Bei den Ostdeutschen Meisterschaften holten sie im vergangenen Jahr bereits mehrere Medaillen. In diesem Jahr qualifizierten sich die Kanuten für die Deutschen Meisterschaften, die am 28. September in Hamburg stattfinden.

„Kanufahren kann nicht jeder, das muss man lernen. Bei uns beginnen die Kinder frühestens mit sieben Jahren das Paddeln“, erklärt Trainer René Kwasniewski. Zwei Mal pro Woche trainieren die Kinder und Jugendlichen. Im Sommer fahren sie auf dem Kanal, im Winter stehen Übungen im Kraftraum sowie Schwimmtraining an. Denn die Kinder müssen „sicher schwimmen können“, das Seepferdchen reiche als Beleg nicht aus, so Kwasniewski. Deshalb überzeugt sich der Trainer persönlich von den Schwimmfähigkeiten seiner Schützlinge .
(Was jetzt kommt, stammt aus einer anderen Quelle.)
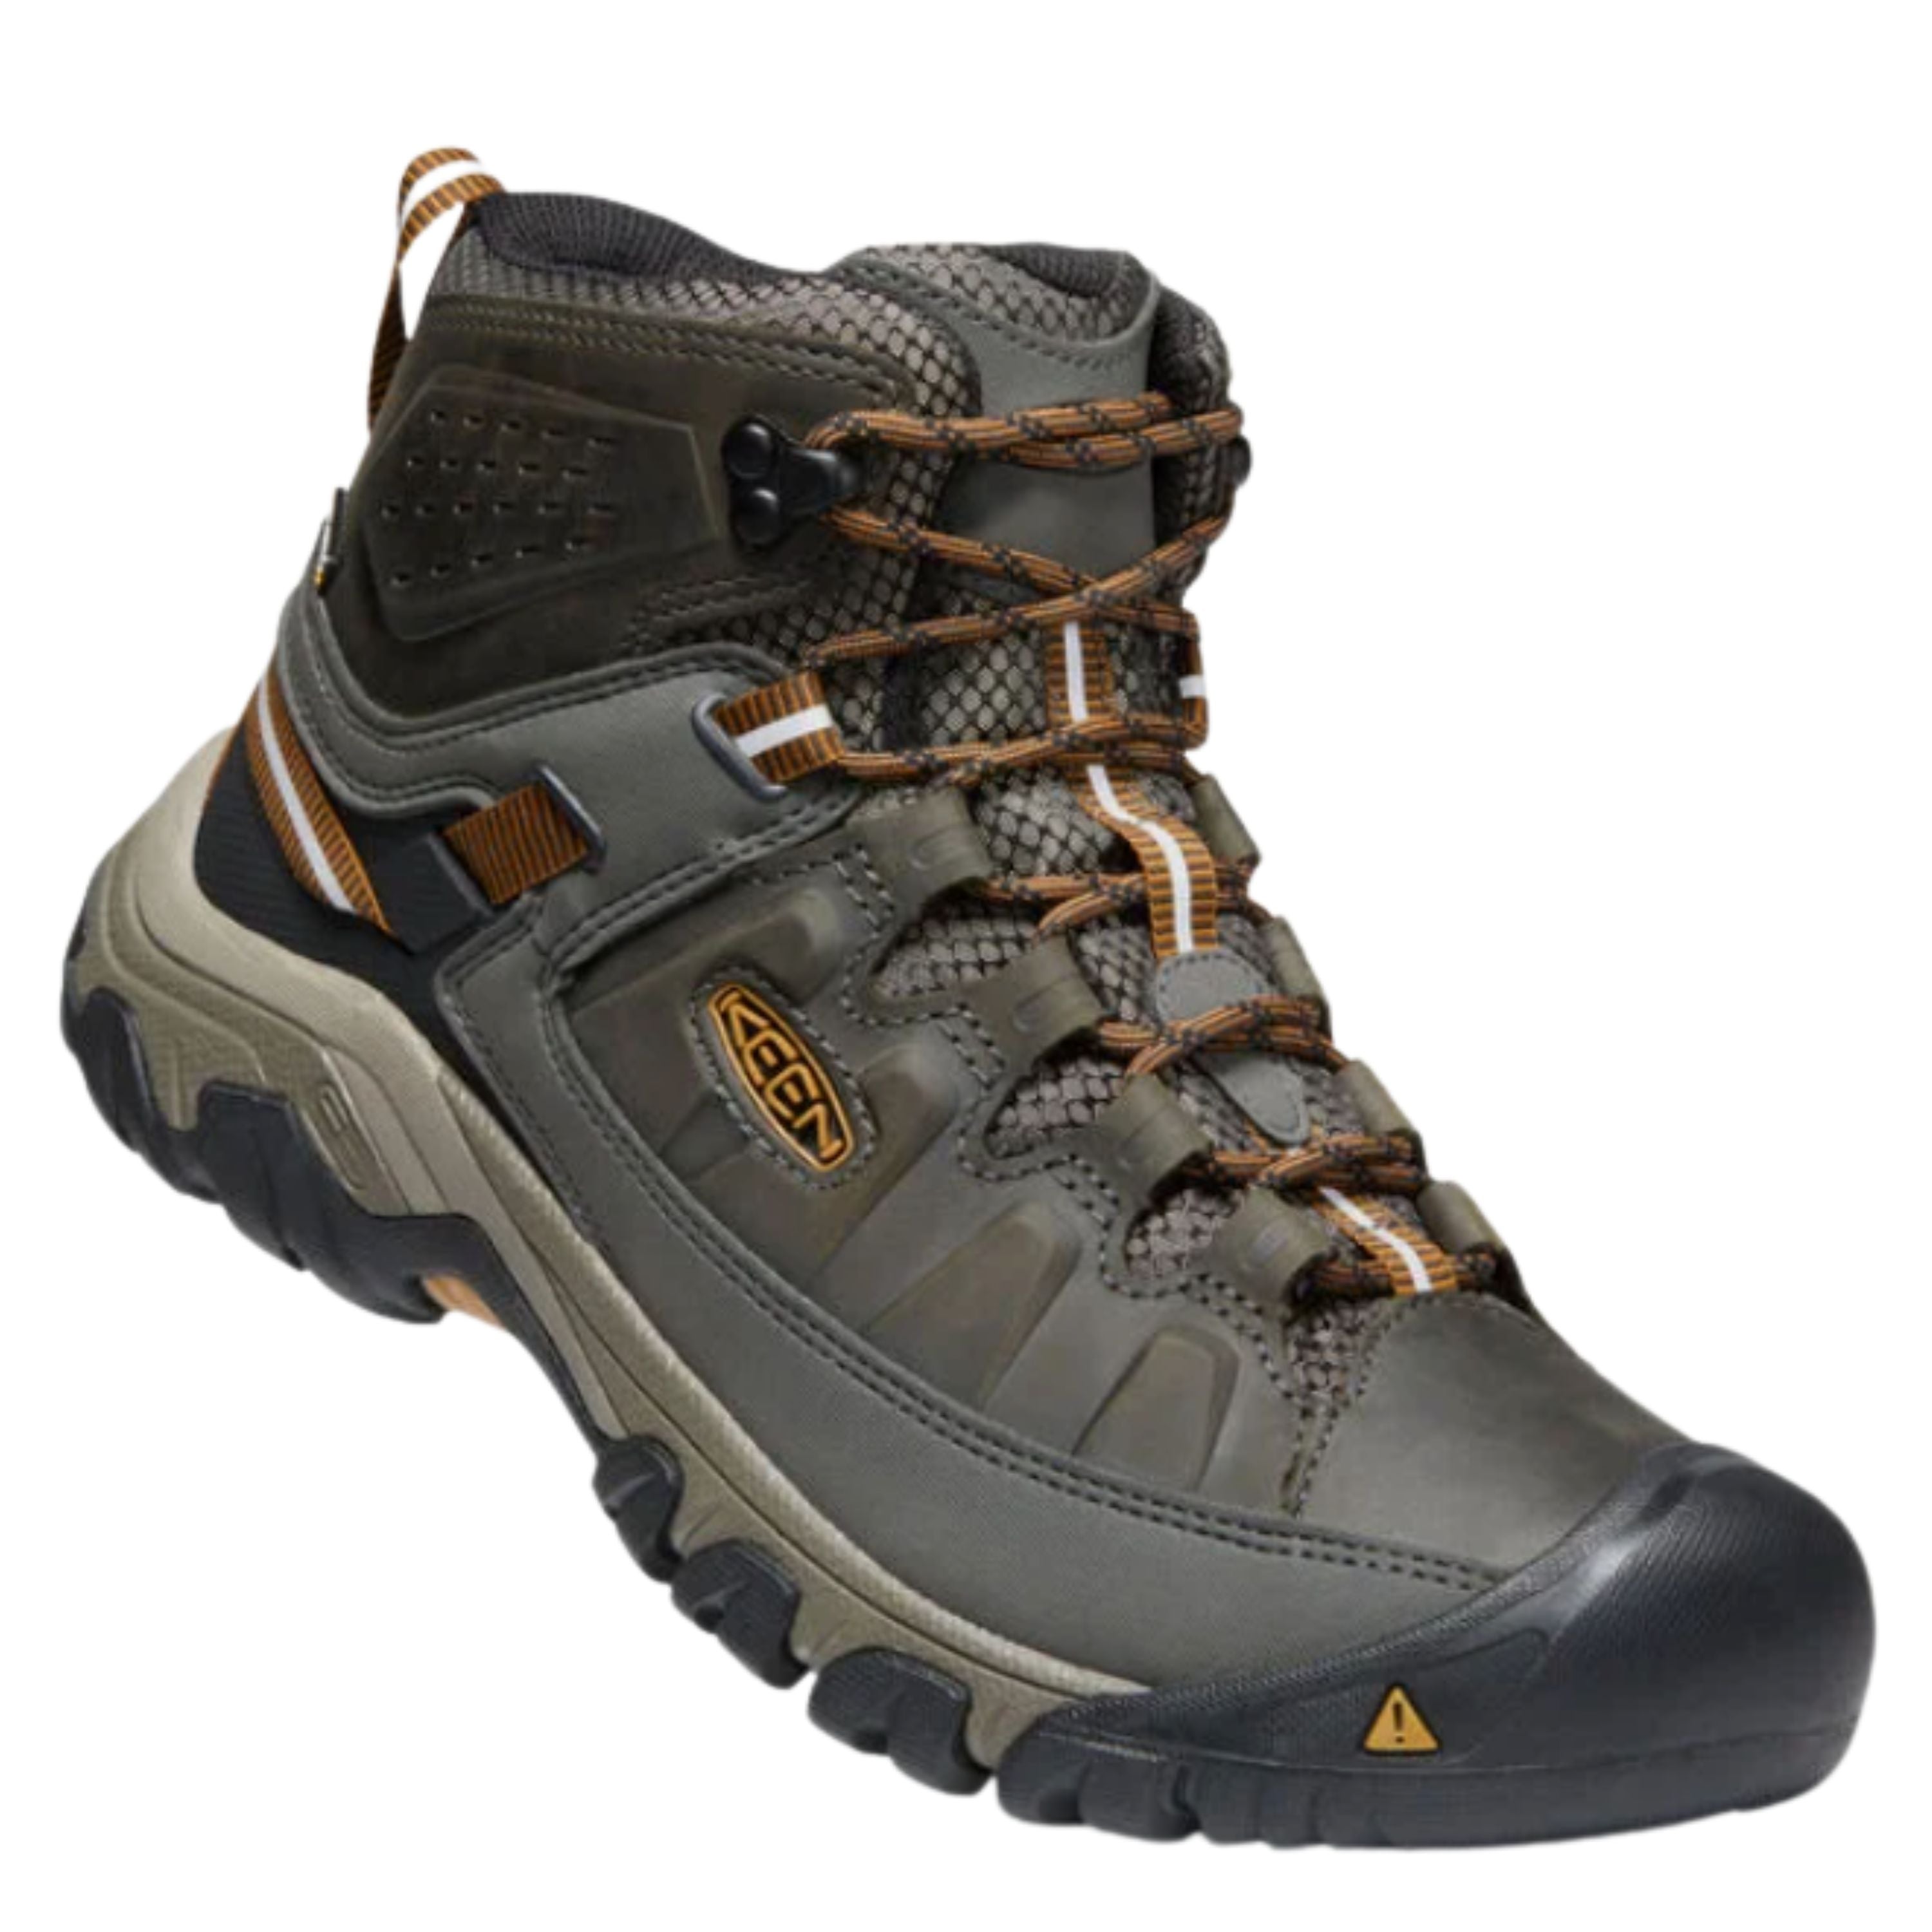 Bottes de randonnée "Targhee III Mid WP" - Homme||"Targhee III Mid WP" hiking boots - Men's

An zehn bis 14 Wettkämpfen pro Saison nehmen die Burger Kanuten teil. „Was ihr in so jungen Jahren schon erreicht habt, ist beeindruckend“, staunte Landrat Steffen Burchhardt. Auch Lutz Lapke, Vorsitzender des Kreissportbundes, lobte besonders die Talentgruppe, eine von zweien im Jerichower Land. Deren Mitglieder werden trainiert, damit vielleicht einer von ihnen den Sprung zum Landesleistungszentrum nach Magdeburg schafft. „Und für Sachsen-Anhalt eine Goldmedaille nach Hause holt“, hofft Trainer René Kwasniewski.